Danielle C.N. Zappa directs the production of the play in which John Torres plays Pedro Castillo, Christine Copley plays his wife Gwen and Samantha Masone plays their daughter Kaela.

Michael J.Shanahan plays a corrections officer; Michael H. Carlin plays fellow inmate Santos, Laura Leigh Carroll plays Angela (an attorney) and Stephanie Sottile plays Liberty.

Bermudez, whose situation prompted this play, was arrested after his photo was picked by witnesses. He was not at the scene of the crime, did not know anyone there, had no history of violence and didn't own or use a gun. The witnesses soon recanted, but he remained in prison for nearly two decades.

He attended the first two performances and spoke to audiences, answering questions about wrongful conviction, his case and what can be done.

Solnik covered the case as a journalist at New York City weeklies The Villager and Downtown Express and then worked to exonerate him. Bermudez was exonerated in 2009 long after witnesses recanted as a judge declared him "innocent," not simply "not guilty."

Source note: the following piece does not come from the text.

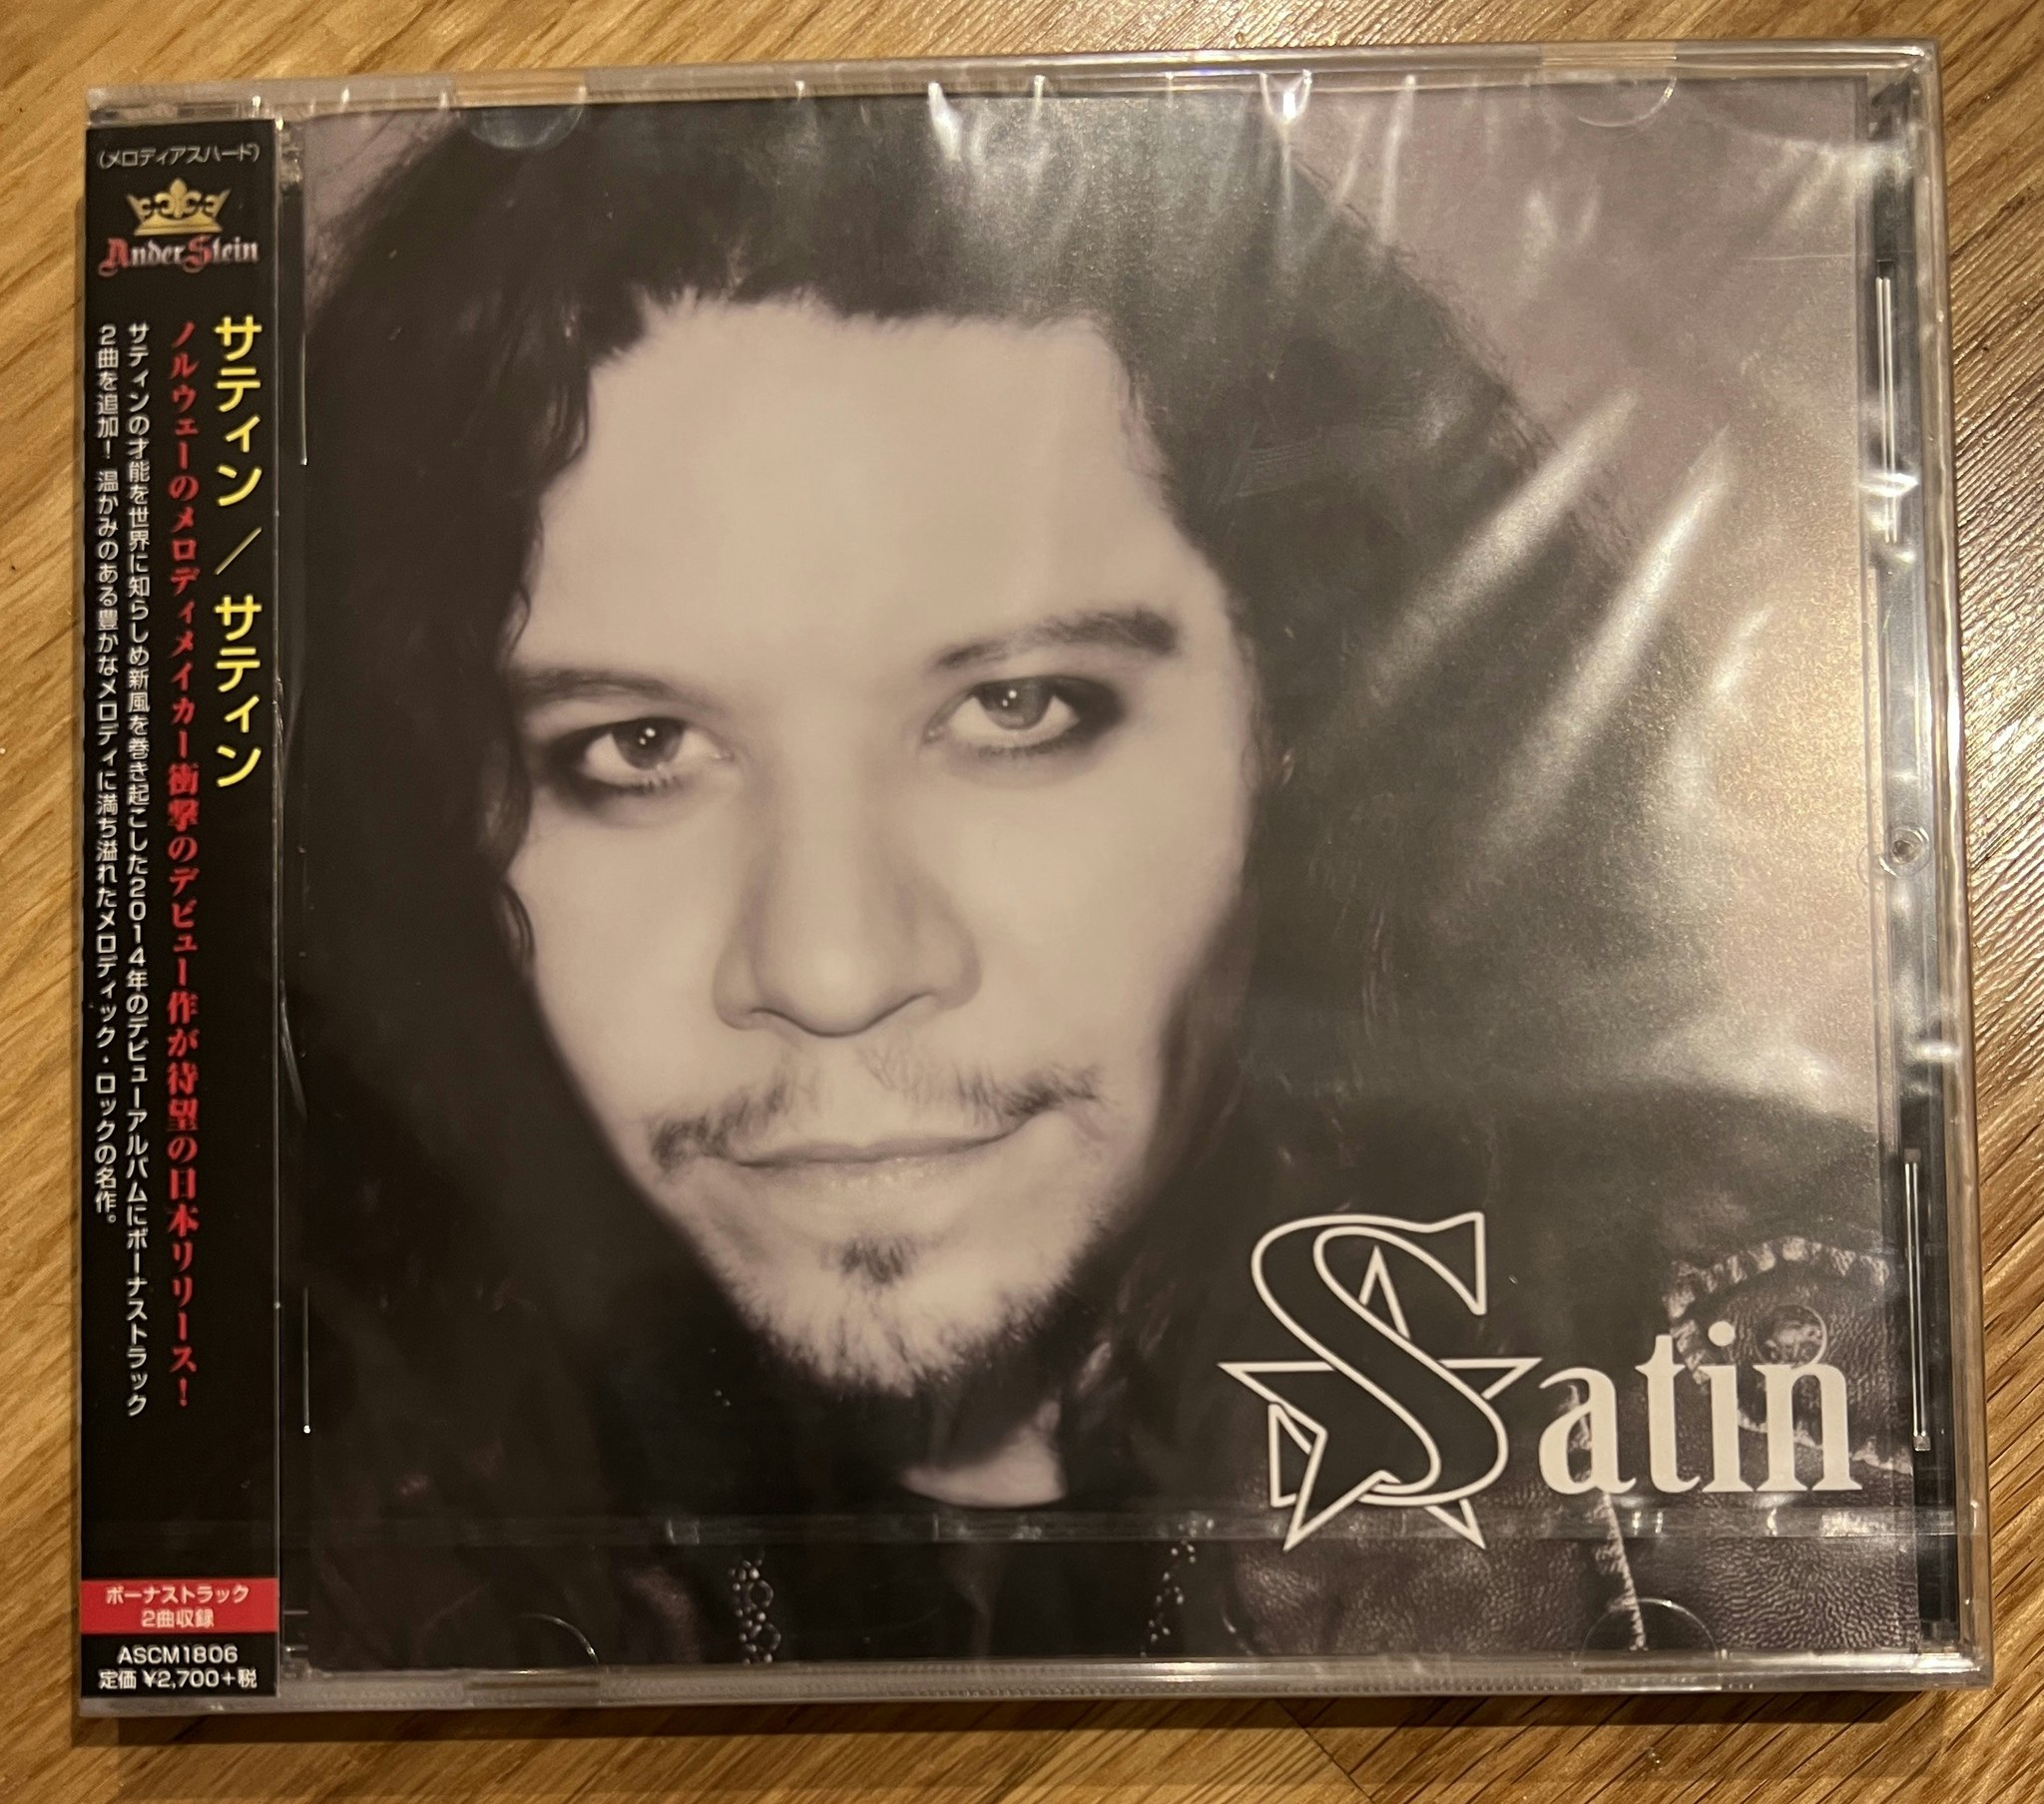 SATIN 2014 "Japansk Utgave" med bonus låt CD

More than 2 million people are in prison in the United States, by far the largest number of any nation. Even if the system functions well in most cases, that makes some wrongful convictions inevitable.

"If only 1 percent of the U.S. prison population have been wrongfully convicted, thousands of innocent people are in prison," said Mike Gaynor, a former NYPD homicide detective who obtained key evidence used to exonerate Bermudez.

PEDRO CASTILLO IS INNOCENT also looks at the Catch 22 that innocent people encounter, often given severe sentences because of their refusal to admit guilt and show remorse.

Scott Christianson, author of "Innocent" and one of the key advocates who pushed for Bermudez's release, said some problems in the culture of the justice system make wrongful convictions difficult to overturn.

"The root of the problem is that prosecutors refuse to admit their mistakes, even when they know it is wrong," Christianson said. "That is not justice. It is not right. Honesty means admitting you have erred."

While PEDRO CASTILLO IS INNOCENT tells a story relevant anywhere in the nation, the location of the production, so near the actual crime for which Bermudez was incarcerated, gives the play added immediacy.

"Fernando Bermudez had nothing to do with the homicide that occurred just off Union Square," Solnik said. "People are coming together a few blocks away from that to tell the story of how wrongful incarceration affects individuals and families."

Solnik, a journalist and the playwright in residence for the Textile Company, frequently writes plays inspired by true stories, including one about Victoria Woodhull, the first woman to run for president in the 1860s.

The Textile Co. also presented his "Lady From Limerick" based on the true story of an Irish woman who travels to New York for plastic surgery.

He also wrote a play about Tennessee Williams and his sister Rose that the Textile Co. presented as a staged reading at Studio Theatre Long Island.

"At its heart, this is a human story," Solnik said of PEDRO CASTILLO IS INNOCENT. "It's about family, friends and cases where the conviction itself can be a kind of crime."